“That’s lucky,” I say in a whisper, scared to speak too loudly in case it chases the intimacy of the moment away. “Because I care for you, too.”
He leans forwards and his lips meet mine, the featherlight kiss imparting more emotion than any other touch so far. A shiver grips me, making my limbs tremble and I’m glad I’m seated because I can’t imagine my legs supporting me right now.
“Come on,” he says, far too soon for my liking. “We’d better head into the back of the club now before I’m tempted to veto the entire evening in favour of dragging you home."
He leaves it up to my imagination what he'd do there if he did.
My suddenly fertile imagination.
Micah stands by the table and takes my arm, steering us through a door, along a dark corridor, and through into a back room where three men wait.
Three large men. One with tattoos curling across his knuckles and winding around his neck. Another with a wolf howling on his chest before disappearing into the thick scruff of his beard. The third is a looming shadow of a man, hulking over the others despite their already humongous size.
“This is Crimson. And these are my friends; Stefan, Teodor, and Baxter.” He nods to each man as he says their name.
No.
No way.
I try to turn, recognising two of the names and that’s enough that I want out. Micah senses my discomfort and slips a supportive hand around my waist, resting atop my hip. Pushing me gently towards the table.
Stefan Kovac heads the eastern Auckland silo of the syndicate and runs subsidiary operations back home in Christchurch. Baxter Balabanov is the head in Canterbury. The last man is unknown but judging from the calibre of the table, isn’t someone I want as a close acquaintance.
Before this minute, I understood Micah headed a silo of the syndicate but it’s another thing to fully realise it. To comprehend its implications.
A bomb in this room would wipe out half the organised crime in the country.
Half,at least.
I can’t think of a more dangerous place to be, but Micah isn’t letting me leave.
“Pull up a chair,” Stefan says in a voice that rumbles like thunder. Gauging from the size of his chest, it doesn’t have another setting. “It came as a shock to learn Micah was getting hitched.”
“What?” Baxter says, a mischievous smile playing over his lips. “Just because he likened marriage to the prison sentence he so recently escaped?” He turns to Micah with raised brows. “And when was it you spoke those words? Last Thursday?”

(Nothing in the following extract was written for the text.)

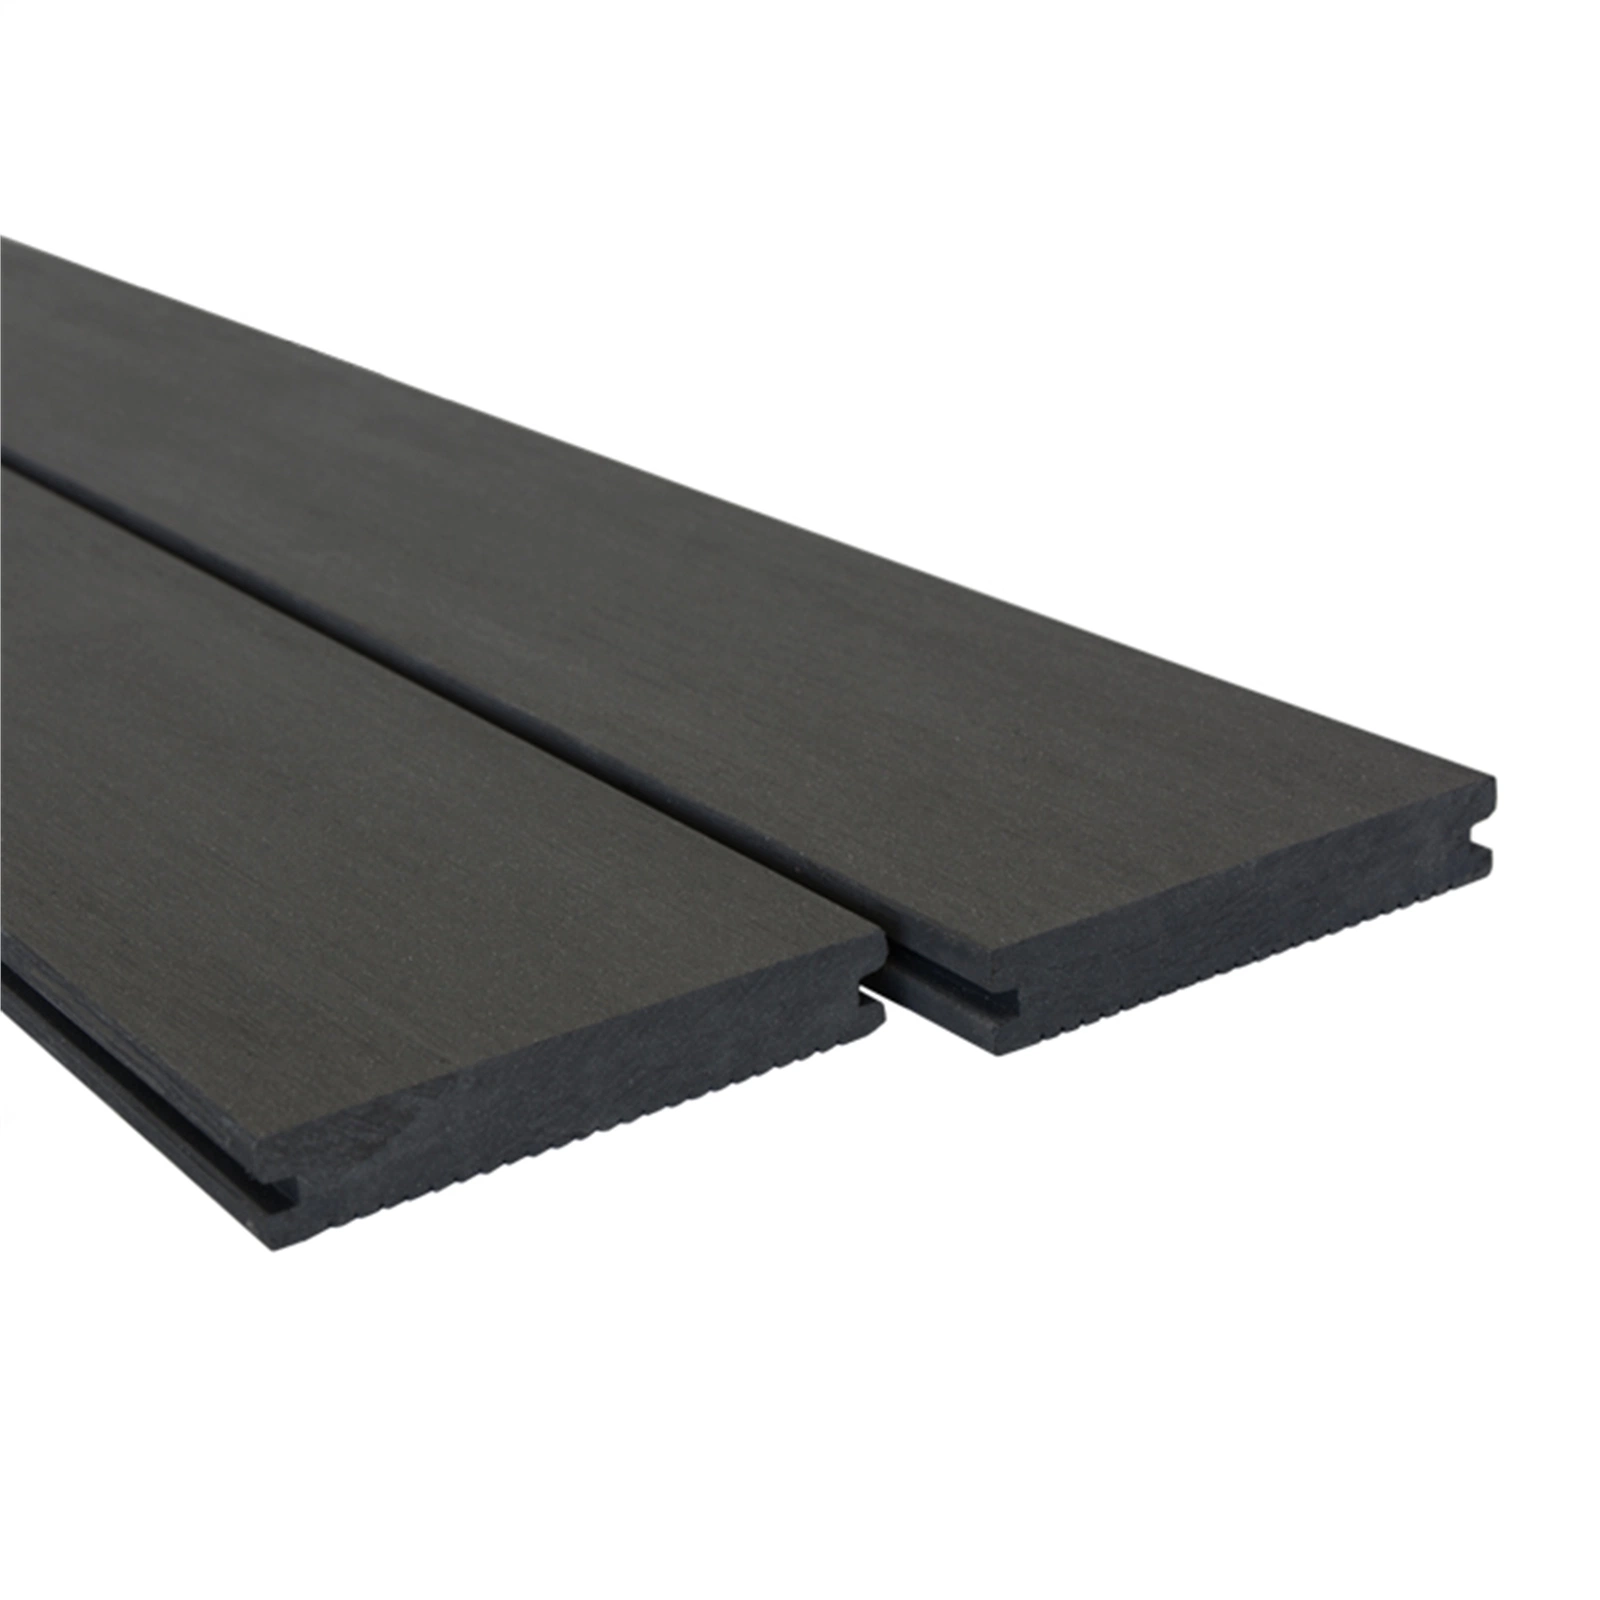 Ocox compuesto de plástico impermeable de madera maciza de madera pisos Revestimientos de WPC al aire libre

Micah takes the banter in stride while I sit because there isn’t another option. To think of overpowering even one of these men on my own is laughable; four doesn’t leave me any choice.

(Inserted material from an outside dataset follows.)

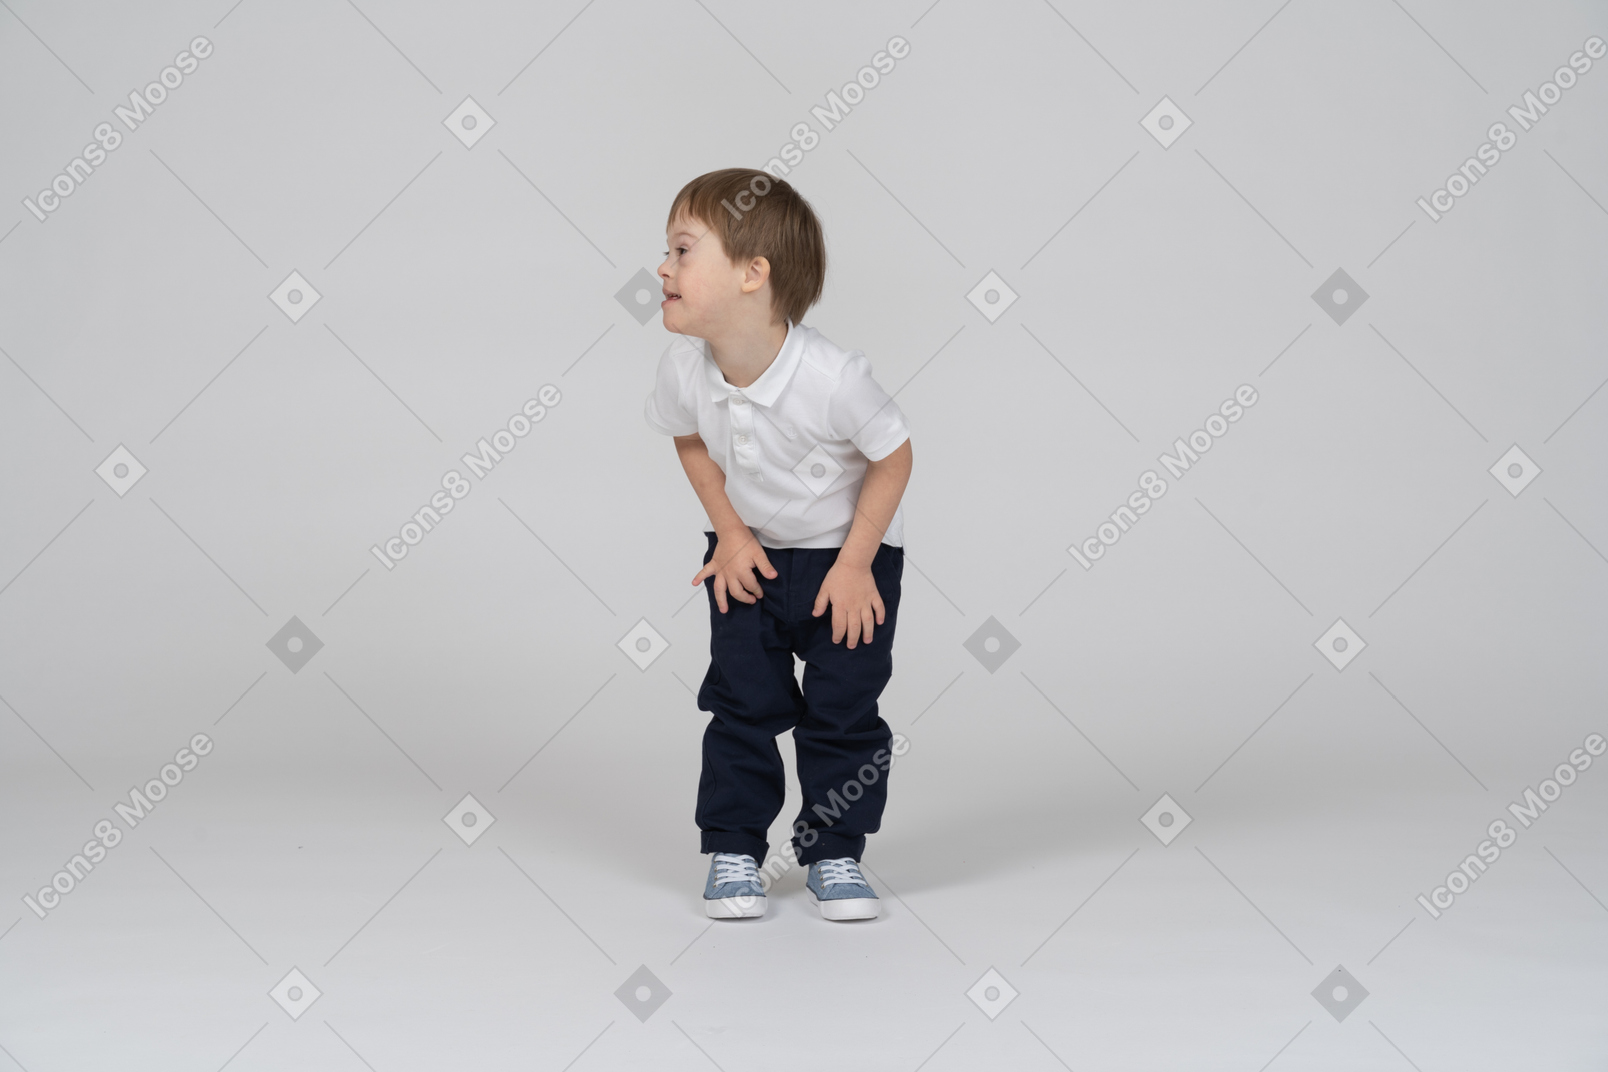 Vista frontal del niño inclinado hacia adelante y mirando a un lado

A situation that feels suffocatingly familiar.
“I’m Teodor,” the man to my right says, extending his hand. The knuckle tattoos give me pause but he takes my hand and presses a gentle kiss to the back of it. “Your surname is Petrovic?” When I nod, he adds, “Then we’re second cousins. My father is Drago Zoric.”
My head swims with the information and my lips feel so cold they must be turning blue. Drago is head of the Serbian Mafia. A group so fiendish that even my father allied with the syndicate rather than swell their ranks. “You’re Serbian?”
“I’m far more New Zealander than I am anything else but we have a direct line back to the old country.”
I bet he does.
“Relax,” he whispers, shuffling cards. “If anything happened to you, my father would see me dead in a ditch. We don’t take kindly to acts against one of our own.”
“I’m not really—”
“Sure, you are. Try as hard as you like, this is a birthright that you can’t shake off easily.”
Baxter drums his fingers on the table, checking his watch like he has somewhere better to be. But I expect all these men have somewhere better to be than here, being introduced to Micah’s fiancée. It shows the depth of their friendship that they’re spending time away from their endeavours to meet with me.
“I heard you’re acquainted with Gabriel,” he says to me between glances at the clock. “Hope the snitch hasn’t been tattling to anyone he shouldn’t, lately.”
I don’t understand the subtext, but his manner requires a response. “The snitch?”